To be perfectly honest, until I started thinking about the answers to those questions, the differences between self-esteem and self-compassion had previously never occurred to me in the many (too many) years of my life. Yet another surprise that has been visited upon me as a result of writing this book!

But, of course, as soon as one thinks about it, there is a difference between self-esteem and self-compassion! Almost as though the former is an outward-looking perspective of oneself and the latter is the diametric opposite; an inward-looking perspective

Or as Kristin Neff, an associate professor in human development and culture at the University of Texas, Austin, puts it in an article published online by the The Greater Good Science Center, University of California:

Most of us are incredibly hard on ourselves when we finally admit some flaw or shortcoming: “I’m not good enough. I’m worthless.”

And of course, the goalposts for what counts as “good enough” seem always to remain out of reach. No matter how well we do, someone else always seems to be doing it better. The result of this line of thinking is sobering: Millions of people need to take pharmaceuticals every day just to cope with daily life. Insecurity, anxiety, and depression are incredibly common in our society, and much of this is due to self-judgment, to beating ourselves up when we feel we aren’t winning in the game of life.

So if self-esteem is the judgement or evaluation of oneself, self-judgment in other words, and may only be measured, by definition, through comparing oneself to others, then what is self-compassion?

An article published in February, 2011 by Tara Parker-Pope of The New York Times offers an insight that isn’t immediately obvious to one.
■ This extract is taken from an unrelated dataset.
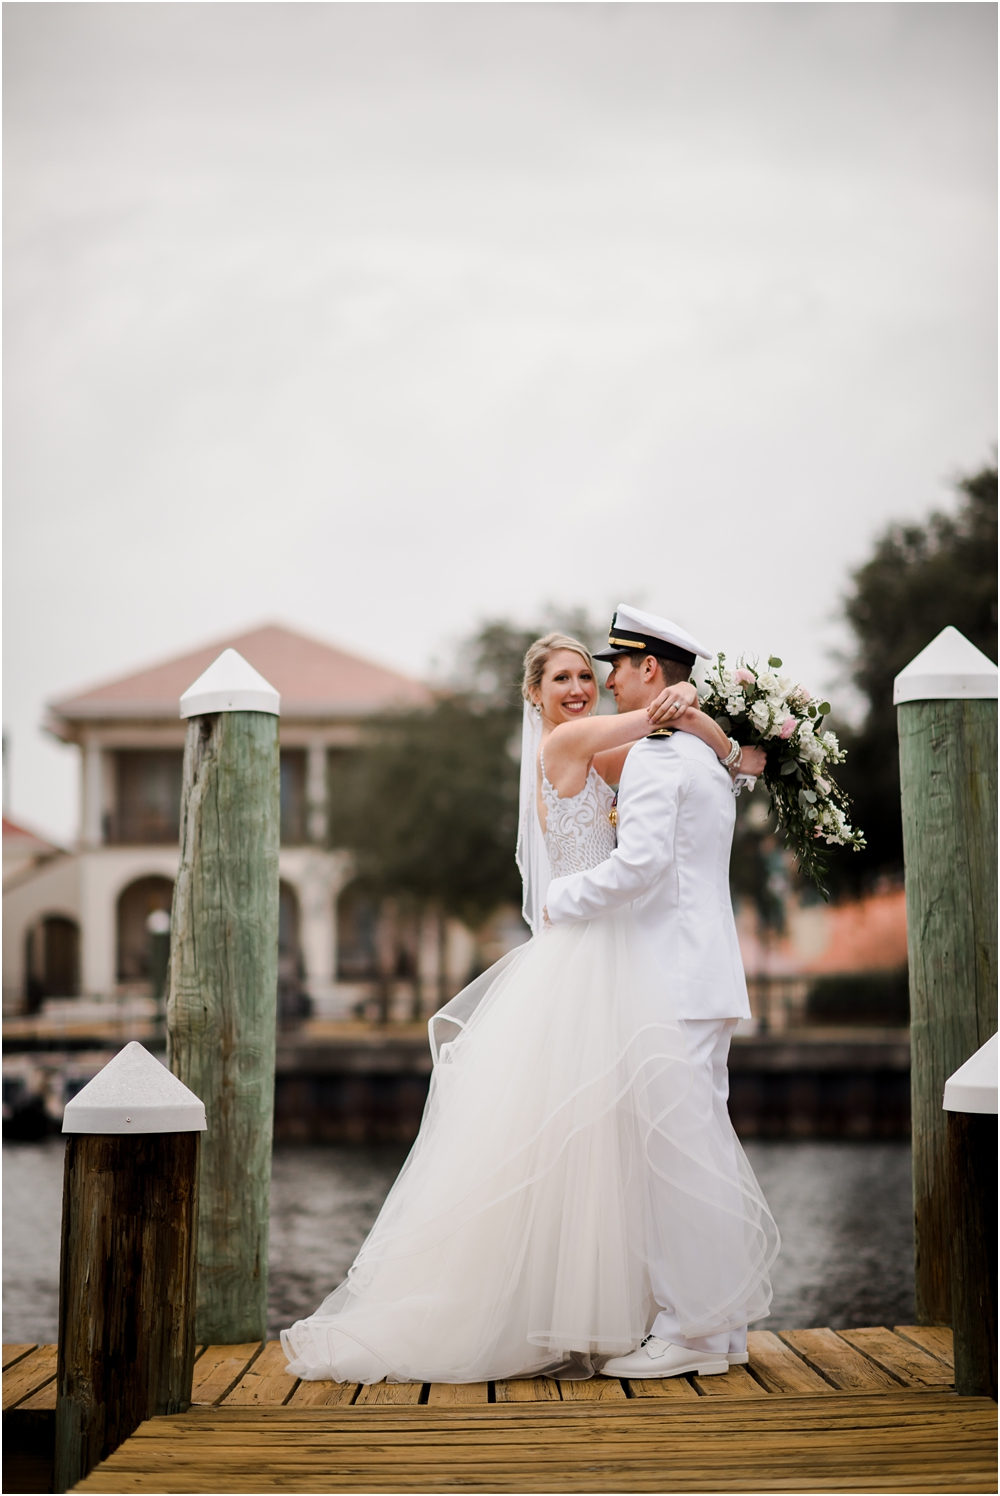 oconnor-pensacola-florida-wedding-photographer-kiersten-taylor-72.jpg

It opens:

Do you treat yourself as well as you treat your friends and family?

That simple question is the basis for a burgeoning new area of psychological research called self-compassion — how kindly people view themselves. People who find it easy to be supportive and understanding to others, it turns out, often score surprisingly low on self-compassion tests, berating themselves for perceived failures like being overweight or not exercising.
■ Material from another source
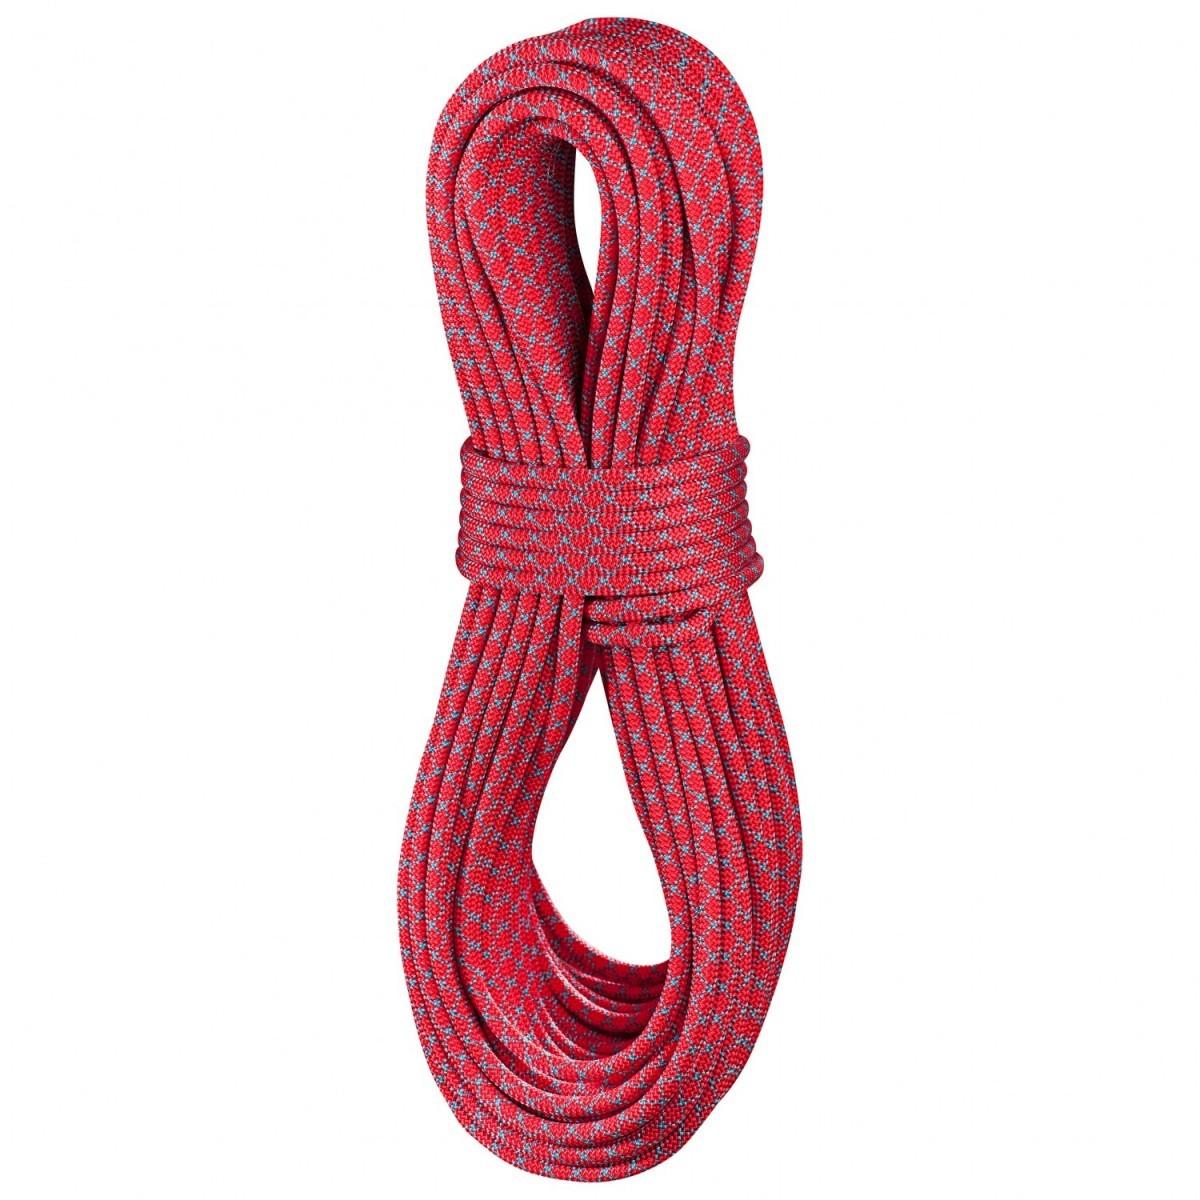 EDELRID エーデルリッド Swift 8.9mm (Red) 60m★ロープ・ザイル・登山・クライミング★

Tara Parker-Pope then refers to Professor Kristin Neff; as follows:

But Kristin Neff, a pioneer in the field, says self-compassion is not to be confused with self-indulgence or lower standards.
I found in my research that the biggest reason people aren’t more self-compassionate is that they are afraid they’ll become self-indulgent,” said Dr. Neff, an associate professor of human development at the University of Texas at Austin. “They believe self-criticism is what keeps them in line. Most people have gotten it wrong because our culture says being hard on yourself is the way to be.

Fear of becoming self-indulgent restrains people from being more self-compassionate! I find that counter-intuitive but readily admit that it had never crossed my mind. The article then continues:

Imagine your reaction to a child struggling in school or eating too much junk food. Many parents would offer support, like tutoring or making an effort to find healthful foods the child will enjoy. But when adults find themselves in a similar situation — struggling at work, or overeating and gaining weight — many fall into a cycle of self-criticism and negativity. That leaves them feeling even less motivated to change.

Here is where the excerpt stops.